Interestingly, this is not very far from the truck depot where it was supposedly stolen and en route to a location
in Donetsk where it was spotted on 17 July (but not photographed). Thence it was driven on the low loader along the H21 highway where it was seen
travelling eastwards outside Zuhres marked (2).
From there, it was seen in Torez, first on the low loader (3) and then after the launcher had been offloaded (4). The launcher was then seen driving along the road under its own power (5) to a spot close to Snizhne, where the missile was launched (6).
From there, the Russian border is only about 15 miles almost due south, along an unclassified, but metalled road, easily traversable by a tracked vehicle to the border crossing at Marynivki, which is big enough to have its own customs post on the Ukrainian side.
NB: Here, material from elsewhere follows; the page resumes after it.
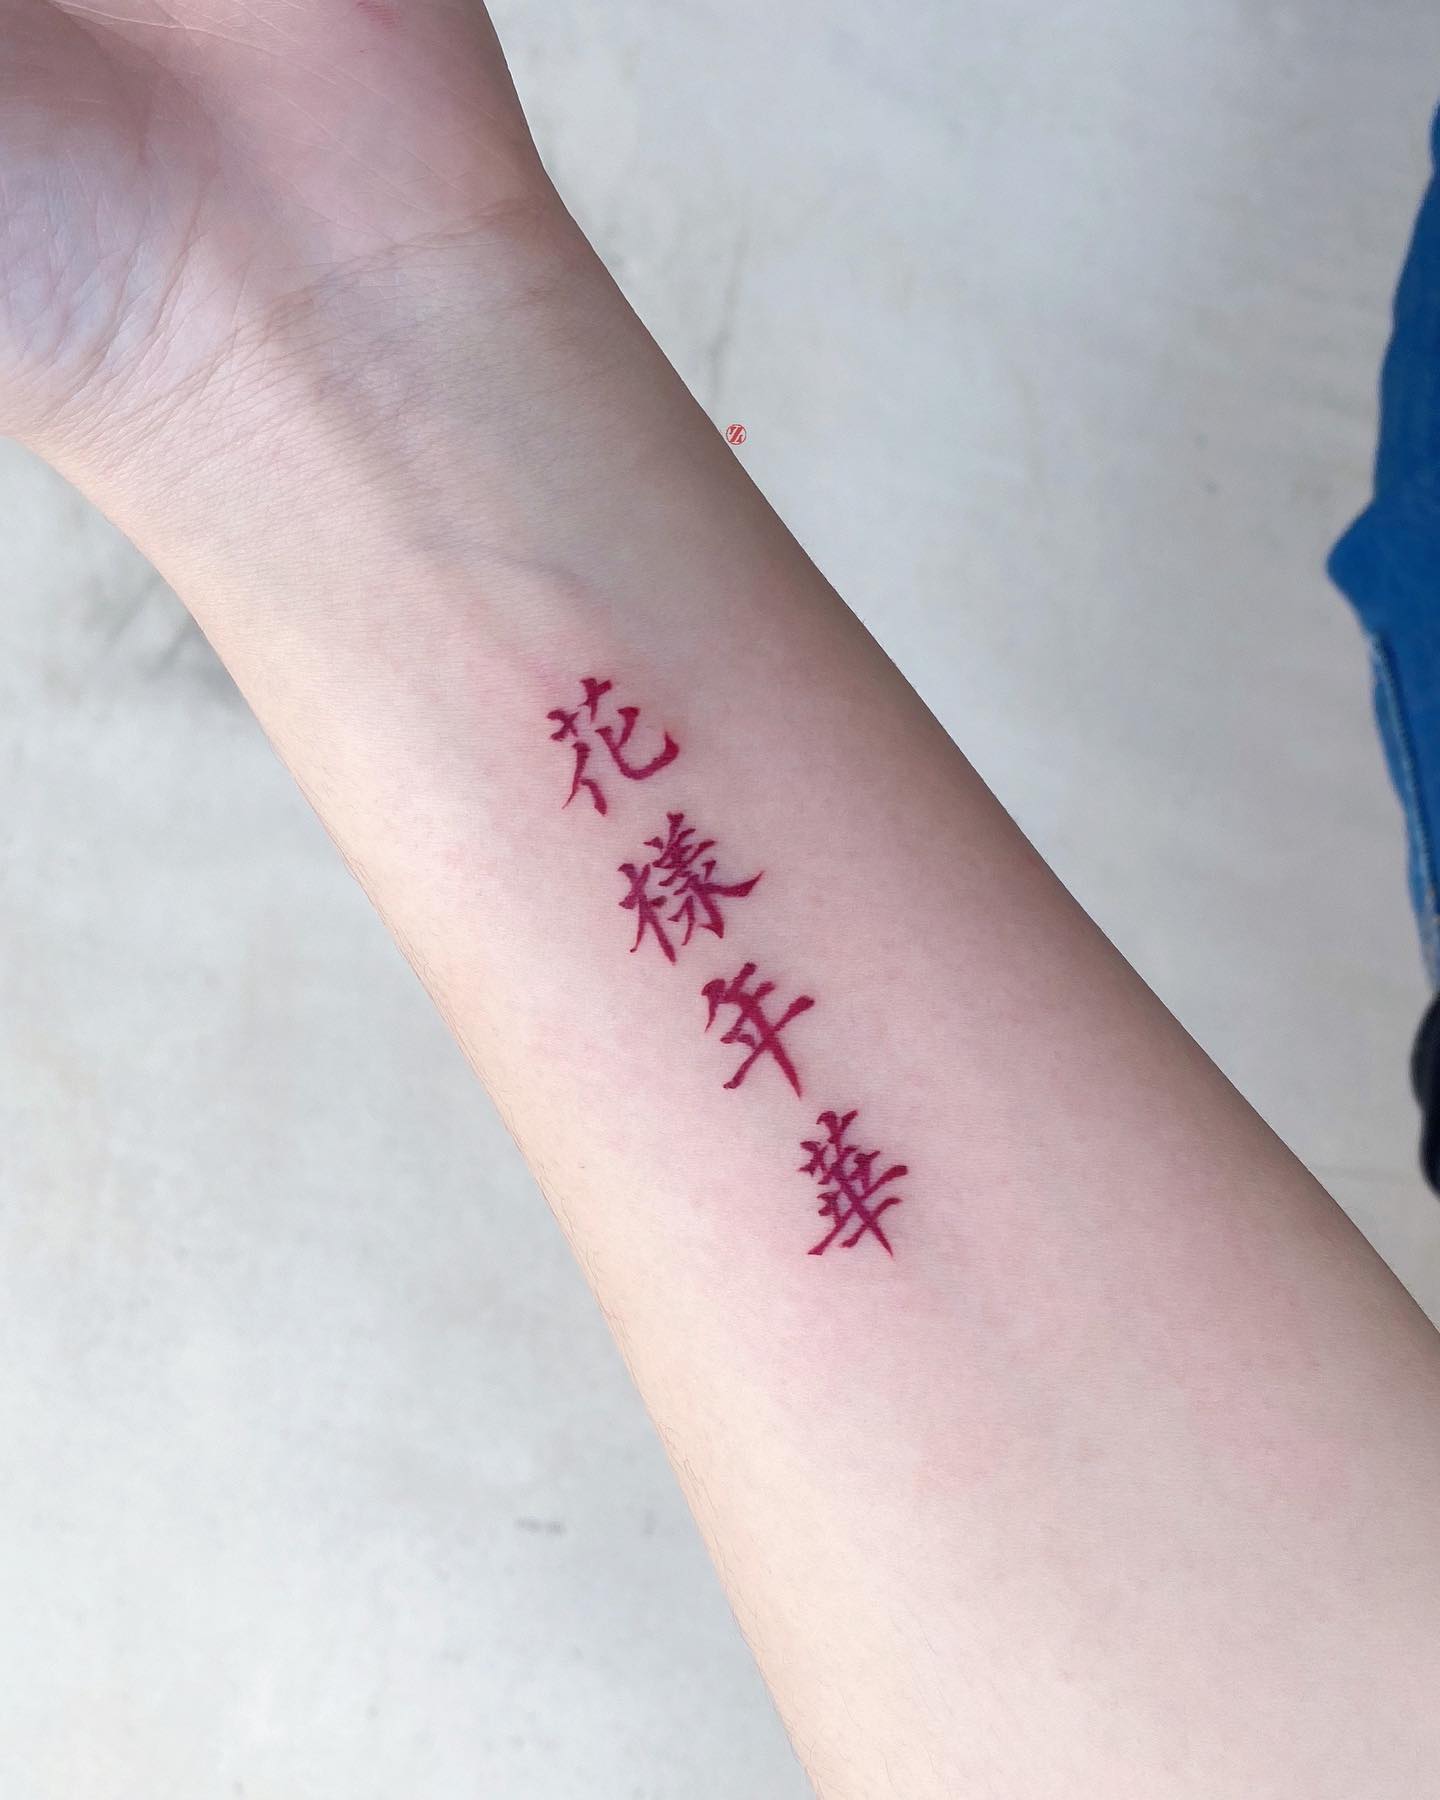 Tatuaje rojo chino en el brazo interior.

Instead of taking this direct route, though, the launcher is apparently re-united with the low loader, whence it is identified
in a suburb of Luhansk (7), at the intersection of Korolenko St. and Nechuya-Levitsky Blvd. So far unexplained, the low loader and the BUK were travelling in the direction opposite to that which they had supposedly come, and were not on any direct route to the border.
According to the Ukrainian Security Service, however, the picture labelled as (7) is near Krasnodon (marked 8), the rig close to the Ukraine-Russian border and shortly to cross over (with one other) apparently at 2am, despite the shot showing daylight conditions.
By coincidence, though, Krasnodon is very close to Izvarino
where the Ukrainian An-26 flying at 6,500 metres was downed on 14 July, allegedly by an SA-11 missile, possibly from the same launcher that destroyed MH17.
That then is where it stands. On the one hand the indications that MH17 was downed by an SA-11 now firmer than ever but, on the other, the immediate origins of the launcher even less clear.
According to some narratives, the launcher manages to travel from the Russian border to Donetsk completely unobserved. It then pops up in Donetsk on a "stolen" low loader, only a few miles from the Ukraine base from which, earlier, one or more launchers were claimed to have been captured.
Then, on its trip from Donetsk to Snizhne, the launcher is constantly observed, its presence recorded on video or still camera a further five times. It is then filmed once more, in a suburb of Luhansk.
This is apparently after MH17 has been shot down, but without any corroborative evidence which would identify the date and time of filming, the detail can only be surmise. The SBU, who apparently released the film, have lied about the location and the time, so they could just as well be lying about the date.
After that, though, the launcher drops out of sight, 30 miles from the Russian border, and has not been seen again. Discount the Luhansk footage and the launcher has not been seen since it appearance near Snizhne, while no pictures of any other launchers, tracker unit or command module have been seen.
In evidential terms, therefore, it seems we are no closer to pinning down whether the federal Russian government assisted the separatists in obtaining the BUK M1, or took any part in the shooting down of MH17.
Of course, one cannot say that Putin and is government are innocent, but that isn't the point. No one, not even the Americans, have come up with any robust evidence that will support a claim that the Russian government, directly or even indirectly helped the separatists take possession of a BUK M1 launcher.
It is thus positively bizarre that the EU tomorrow is set to impose sanctions
on Russia, alongside the United States.
It has come to a pretty state that sanctions can now be imposed on an important nation, with significant diplomatic and economic implications, without first furnishing any convincing evidence. This is not the way things are supposed to work.